認めたくないが、先ほどまで散々憎んでいた連中と同じ罪を犯していた事実を突きつけられた。
「(いや、違う、違う)」
「だからこそ、俺は、貴様を殺す!その為に軍に入ったのだ!!」
「ッ、グ!!」
動揺していたアーシャに、一発の銃弾が撃ち込まれた。
寸前で回避したが、反応が遅れて頬を掠める。
血が流れと共に、焼けたような痛みがアーシャに襲いかかった。
「(……こいつ等が、敵だから)」
撃たれた個所を抑えるアーシャは、息を荒くしながら再び銃を構える。
「キッ!」
「グッ!」
それはランも同じ。
双方の銃が向かい合い、二つの銃声が同時に響く。
「……」
眉間に穴を開けながら倒れていくランを前に、アーシャは歯を食いしばりながら何度も引き金を引く。

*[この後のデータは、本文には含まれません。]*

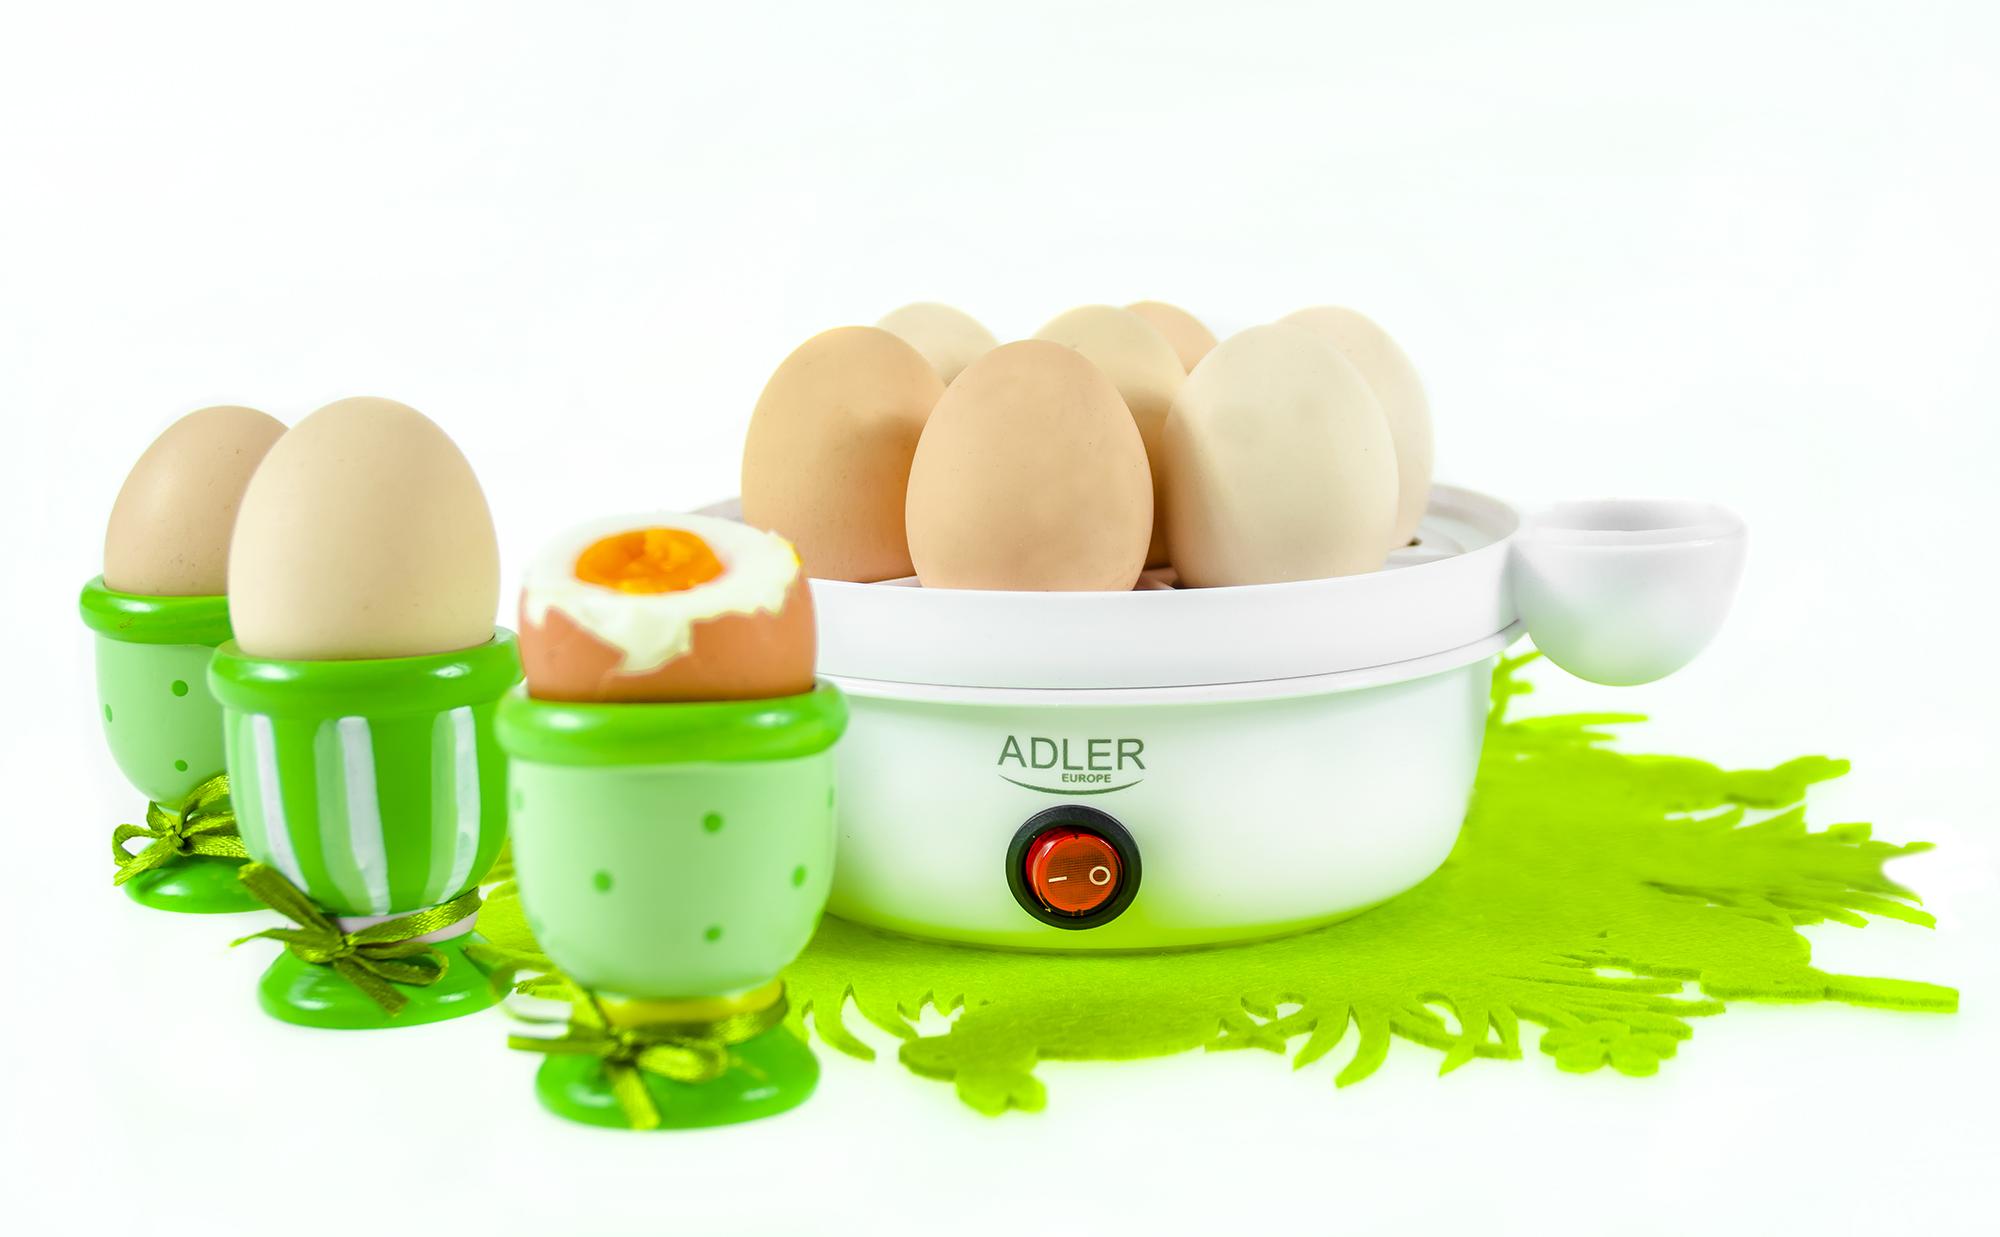 ADLER AD-4459 Cuece Huevos Eléctrico para 7 Huevos, Tapa Transparente, Ajuste de Cocción, Protección por Sobre Calentamiento, 360W, Libre de BPA

「敵を撃って、何が悪い、無関係なのに、襲って来たアイツ等とは」
弾倉が空になろうと引き金を引くアーシャは、ゆっくりと銃を下ろす。
「……絶対に、違う」
片手で顔を覆うアーシャは、近くのビルの窓に目を向ける。
そこに映ったのは、悪夢の中に何度も出て来た男。
ビーキーパーズの頭目が、アーシャと同じポーズを取っていた。
「……そうじゃない、違うんだ、そうだろ?教えてくれ、ケフュレス」
倒れるランを当時殺された両親と重ねたアーシャは、膝から崩れ落ちた。
首を何度も横にふりながら、また彼女の助けを求めてしまった。
聞き慣れた音が近づいて来るような気もしたが、何の音なのかさえ思い出せず、考える気にもなれなかった。